[HOW TO COMPLETE THIS TASK]: All of the records must come back exactly. Please repeat them in full.
*** GIVEN DATA ***
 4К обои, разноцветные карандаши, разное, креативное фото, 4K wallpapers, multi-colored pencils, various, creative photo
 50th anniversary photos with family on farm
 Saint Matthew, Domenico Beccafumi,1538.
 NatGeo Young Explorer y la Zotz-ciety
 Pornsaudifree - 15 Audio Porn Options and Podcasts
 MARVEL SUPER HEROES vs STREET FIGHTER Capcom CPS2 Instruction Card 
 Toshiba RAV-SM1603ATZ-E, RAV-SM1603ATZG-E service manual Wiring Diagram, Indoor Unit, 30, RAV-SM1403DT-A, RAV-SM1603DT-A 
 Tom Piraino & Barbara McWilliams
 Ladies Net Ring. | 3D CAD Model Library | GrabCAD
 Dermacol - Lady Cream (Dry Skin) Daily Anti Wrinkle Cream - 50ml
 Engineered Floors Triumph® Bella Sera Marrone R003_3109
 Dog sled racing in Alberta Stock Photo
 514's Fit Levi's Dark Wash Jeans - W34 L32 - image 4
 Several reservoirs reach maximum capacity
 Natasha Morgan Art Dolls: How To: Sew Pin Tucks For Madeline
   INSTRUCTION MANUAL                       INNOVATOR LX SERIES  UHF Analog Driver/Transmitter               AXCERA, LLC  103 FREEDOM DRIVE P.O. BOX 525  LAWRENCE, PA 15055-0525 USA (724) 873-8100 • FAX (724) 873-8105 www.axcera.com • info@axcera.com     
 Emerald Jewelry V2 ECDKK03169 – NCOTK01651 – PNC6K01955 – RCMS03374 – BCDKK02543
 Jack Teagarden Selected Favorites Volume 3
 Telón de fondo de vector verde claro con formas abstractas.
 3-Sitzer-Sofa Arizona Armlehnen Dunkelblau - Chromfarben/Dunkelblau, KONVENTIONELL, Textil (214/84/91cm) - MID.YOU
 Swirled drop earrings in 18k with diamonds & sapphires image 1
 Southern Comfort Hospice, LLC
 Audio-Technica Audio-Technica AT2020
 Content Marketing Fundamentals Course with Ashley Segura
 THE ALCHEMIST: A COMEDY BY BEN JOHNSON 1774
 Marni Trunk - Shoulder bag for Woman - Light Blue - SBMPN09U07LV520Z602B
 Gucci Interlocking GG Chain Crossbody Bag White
*** End of GIVEN DATA ***
[RESULT FOR THIS TASK]:
 4К обои, разноцветные карандаши, разное, креативное фото, 4K wallpapers, multi-colored pencils, various, creative photo
 50th anniversary photos with family on farm
 Saint Matthew, Domenico Beccafumi,1538.
 NatGeo Young Explorer y la Zotz-ciety
 Pornsaudifree - 15 Audio Porn Options and Podcasts
 MARVEL SUPER HEROES vs STREET FIGHTER Capcom CPS2 Instruction Card 
 Toshiba RAV-SM1603ATZ-E, RAV-SM1603ATZG-E service manual Wiring Diagram, Indoor Unit, 30, RAV-SM1403DT-A, RAV-SM1603DT-A 
 Tom Piraino & Barbara McWilliams
 Ladies Net Ring. | 3D CAD Model Library | GrabCAD
 Dermacol - Lady Cream (Dry Skin) Daily Anti Wrinkle Cream - 50ml
 Engineered Floors Triumph® Bella Sera Marrone R003_3109
 Dog sled racing in Alberta Stock Photo
 514's Fit Levi's Dark Wash Jeans - W34 L32 - image 4
 Several reservoirs reach maximum capacity
 Natasha Morgan Art Dolls: How To: Sew Pin Tucks For Madeline
   INSTRUCTION MANUAL                       INNOVATOR LX SERIES  UHF Analog Driver/Transmitter               AXCERA, LLC  103 FREEDOM DRIVE P.O. BOX 525  LAWRENCE, PA 15055-0525 USA (724) 873-8100 • FAX (724) 873-8105 www.axcera.com • info@axcera.com     
 Emerald Jewelry V2 ECDKK03169 – NCOTK01651 – PNC6K01955 – RCMS03374 – BCDKK02543
 Jack Teagarden Selected Favorites Volume 3
 Telón de fondo de vector verde claro con formas abstractas.
 3-Sitzer-Sofa Arizona Armlehnen Dunkelblau - Chromfarben/Dunkelblau, KONVENTIONELL, Textil (214/84/91cm) - MID.YOU
 Swirled drop earrings in 18k with diamonds & sapphires image 1
 Southern Comfort Hospice, LLC
 Audio-Technica Audio-Technica AT2020
 Content Marketing Fundamentals Course with Ashley Segura
 THE ALCHEMIST: A COMEDY BY BEN JOHNSON 1774
 Marni Trunk - Shoulder bag for Woman - Light Blue - SBMPN09U07LV520Z602B
 Gucci Interlocking GG Chain Crossbody Bag White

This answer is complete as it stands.